SANFL Player Focus: Tom Scully (West Adelaide)

YOU would be hard pressed to find a more in-form key forward around the country than West Adelaide’s Tom Scully. The 201cm bigman has been on fire over the last three weekends of SANFL Under 18s footy, booting 20 goals to consolidate a season average of 5.5 per his four games.

In his latest outing, the 17-year-old snared another seven majors and helped his Bloods run over the top of Woodville-West Torrens on Thursday night. His strengths lie aerially and in shrewd leading patterns, which were on full show in the Round 4 performance we put under our Player Focus microscope.

West Adelaide-logoWest AdelaideKey Forward

Tom Scully

Height: 203cm

Weight: 89kg

DOB: 02-11-2004

Strengths:
Improvements:
Draft range: Pick 40-60

2022 Averages: 4 games | 12.0 disposals, 7.5 marks (4.5 contested), 0.8 inside 50s, 5.5 goals (22 total)

SANFL UNDER 18s ROUND 4
West Adelaide 13.14 (92) def. Woodville-West Torrens 13.3 (81)

Stats: 16 disposals (15 kicks, 1 handball), 11 marks (8 contested), 2 hitouts, 2 inside 50s, 7 goals, 2 behinds

FIRST QUARTER

While opportunities were few and far between for the Westies tall forward in term one, he started off with a bang. As the Bloods exited the very first centre break, Scully came charging out to crash a pack at the top of his side’s forward 50 in a signal of intent.

With no real marking opportunity there, he got a small but valuable confidence boost shortly after, nominating for a couple of forward 50 ruck contests and sending consecutive hitouts down the throat of Kobe Ryan.

West Adelaide only put one goal on the board in the first 25 minutes, and it unsurprisingly came off the boot of Scully. The 17-year-old was leading well but saw a couple of teammates cut in front of him or take up his space. Nonetheless, he eventually found room inside 50 to mark and convert a 40-metre set shot after 21 minutes.

SECOND QUARTER

Though his side still trailed at the end of term two, Scully and the Bloods began to turn the scoring screws. The Westies bigman managed five shots on goal for the quarter; with one registering a behind, two going out on the full, and two sailing through the big sticks.

The forward 50 was Scully’s to patrol, with teammates clearing out his space and gaining deeper entries for the full forward to snaffle up on the lead. Scully was the final piece in most scoring chains, taking a couple of nice marks presenting at the ball carrier, but also being smart enough to peel off over the back whenever possible.

Some of his marks were reeled in with two bites, but counted nonetheless and allowed West Adelaide multiple opportunities to capitalise on its fluent transitional play. It helped Scully’s direct opponent was considerably shorter on the eye, but you can only beat who’s in front of you and the bigman did exactly that to notch 3.2 to half-time.

THIRD QUARTER

The third term saw Scully present a touch further afield, hitting up to centre half-forward having already proven his value as the final link in the chain at full forward. His reach really began to come to the fore, with a couple of overhead marks at full stretch on fast entries catching the eye.

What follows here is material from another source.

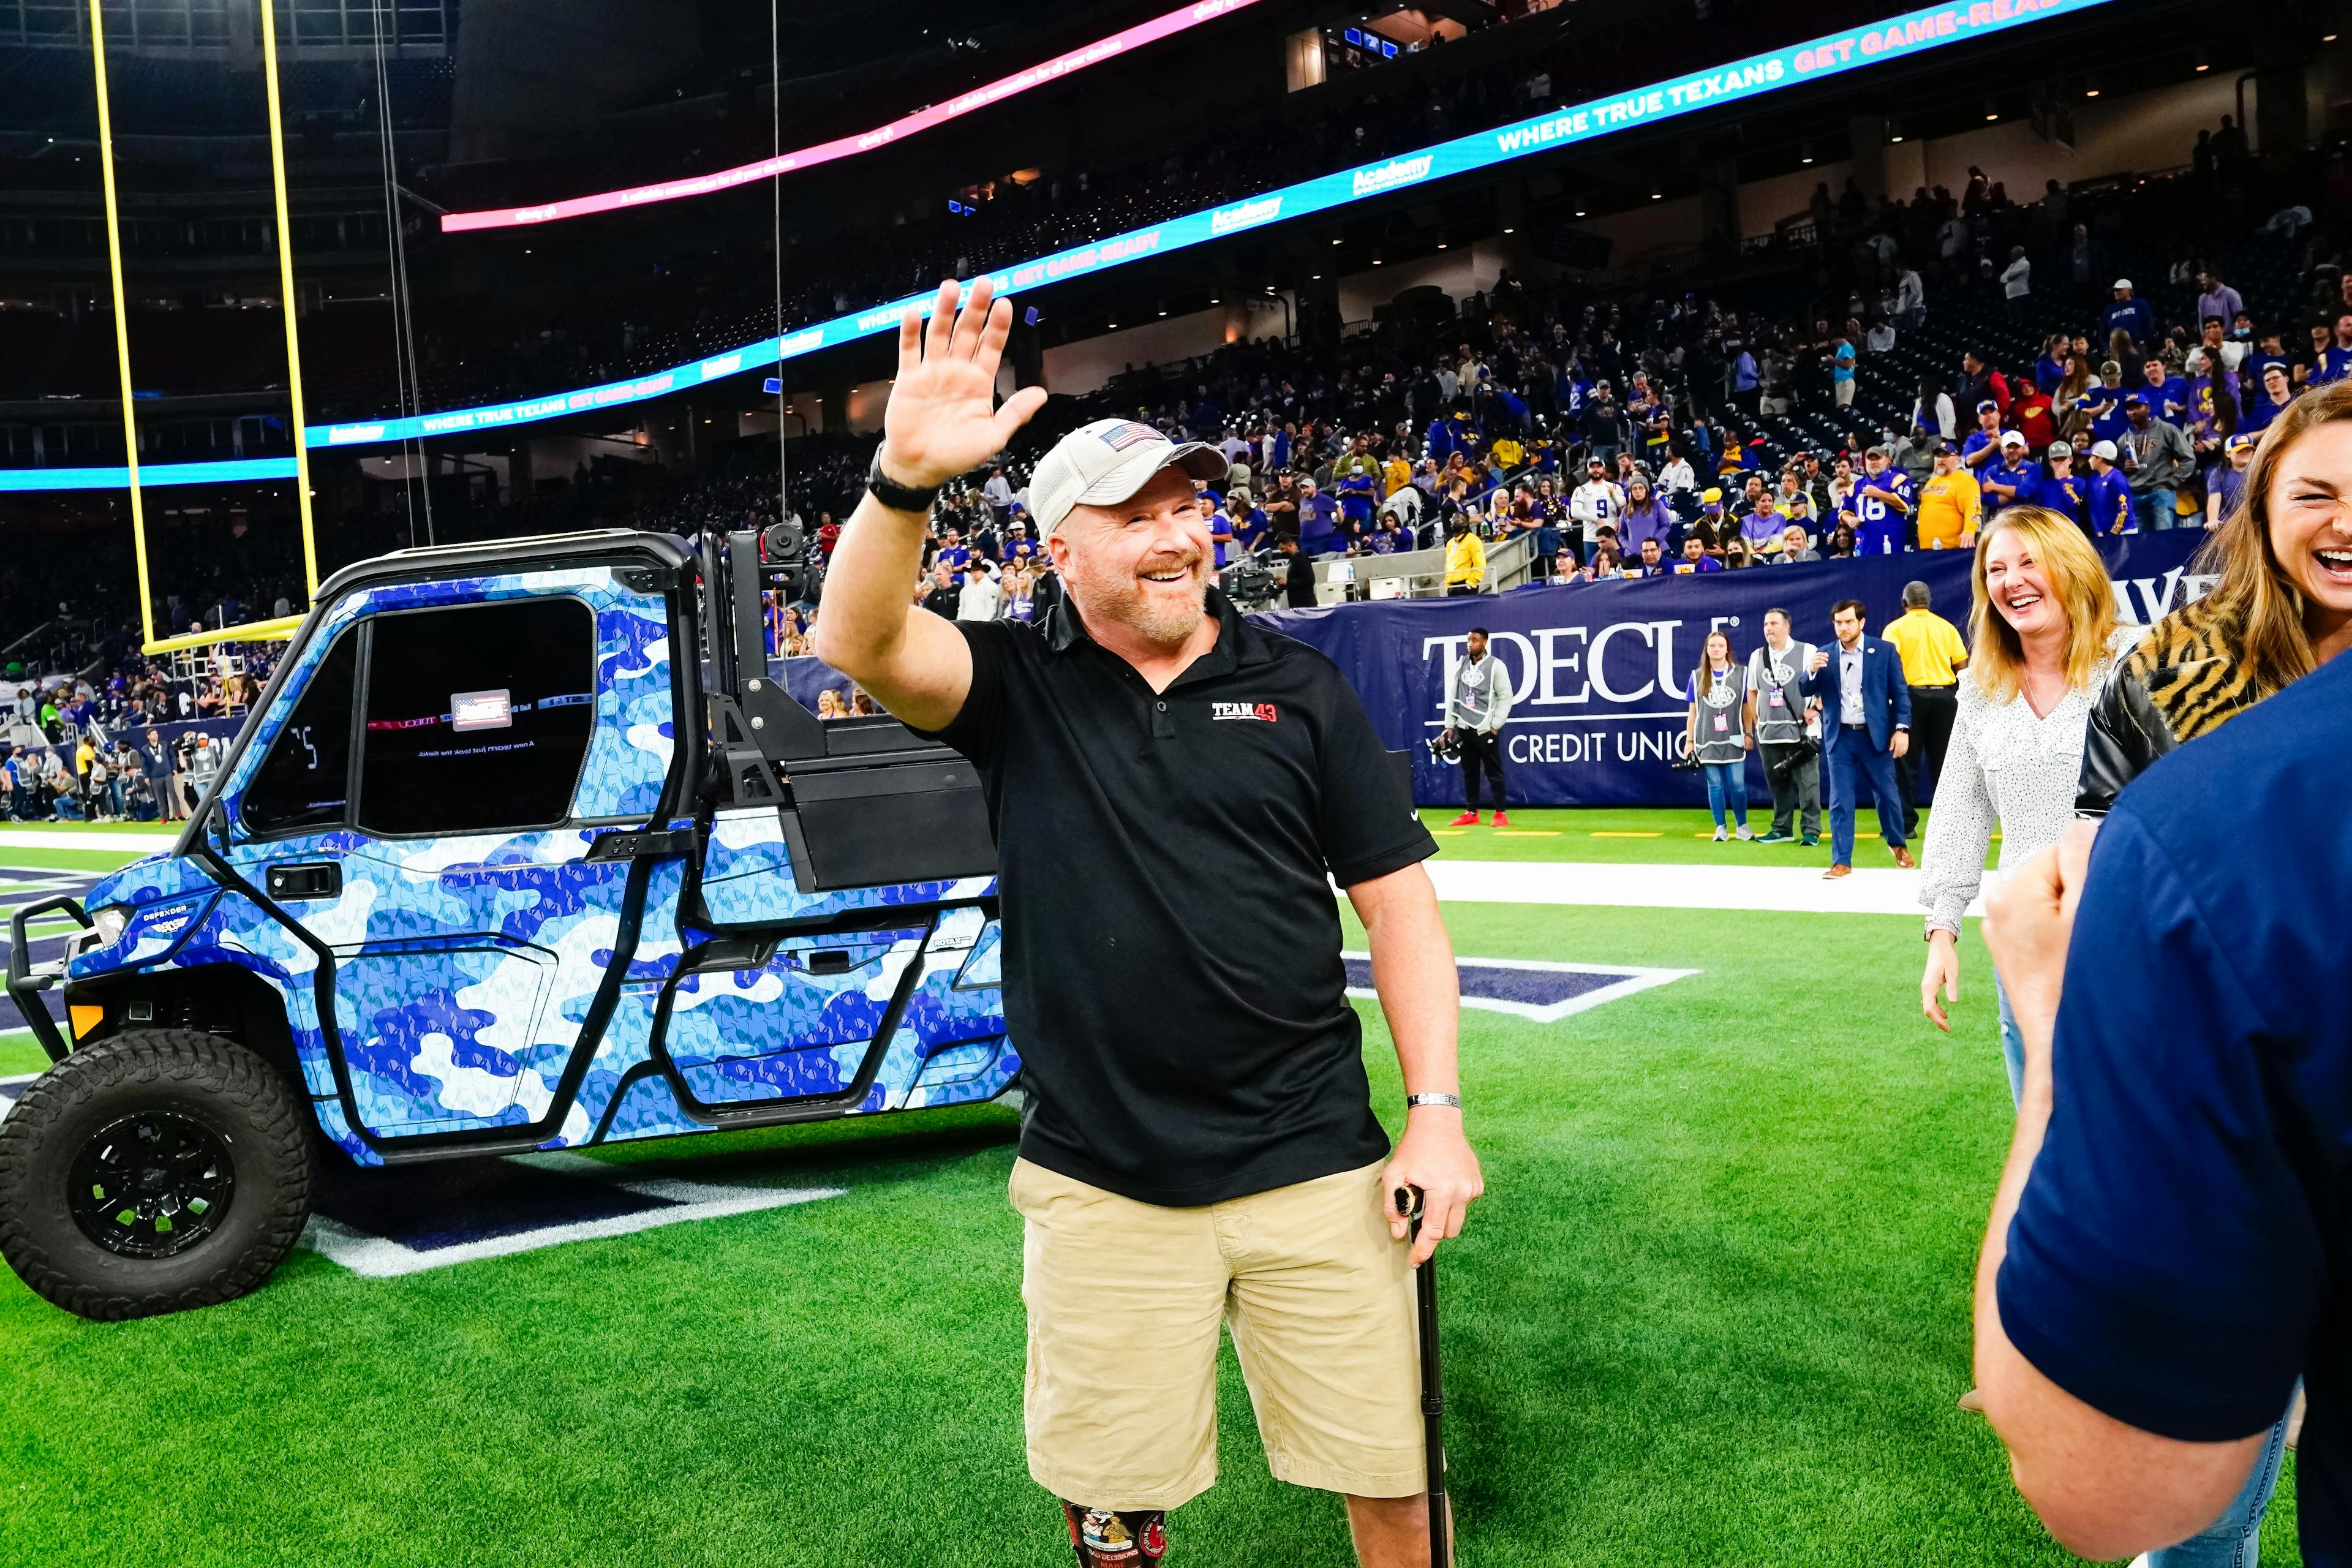 Pete Way being presented with a UTV at a college bowl game.

He lacked a touch of composure in possession outside the arc as he bombed long to the hot spot, but those kinds of kicks tended to work in Westies’ favour anyway. Scully got on the board with three more goals, all from close range with his height proving near-impossible to combat.

Again, it was a case of taking advantage of opportunity and Scully had 6.2 next to his name heading into the final break, having played a big part in helping West Adelaide squeeze ahead on the scoreboard.

FOURTH QUARTER

There was only one goal left for Scully to kick in term four, and he did it via a familiar method. Reaching higher than anyone afield could, he plucked a two-grab mark from front position and slotted the 35-metre set shot for his seventh major.

He was thereabouts after that as West Adelaide continued to venture forward, but the hot footy meant Scully was not always afforded the right delivery he needed. His assets are his range and leading patterns, so being forced to dig up ground balls or engage in wrestles did not suit him.

You have to wonder how much Scully’s form has had to do with his pure size at Under 18s level, and such goalkicking form could see him tip the senior grades shortly. He could have hit double digits for goals with even better conversion, and there are still some areas for growth.

Going forward, to build on his already sound skillset, Scully can look to add some muscle to his frame and game to better cope with defenders who will engage him, and clunk his marks a touch more cleanly. Other than that, he plays to his strengths and can massively exploit them against players his own age. The potential is there.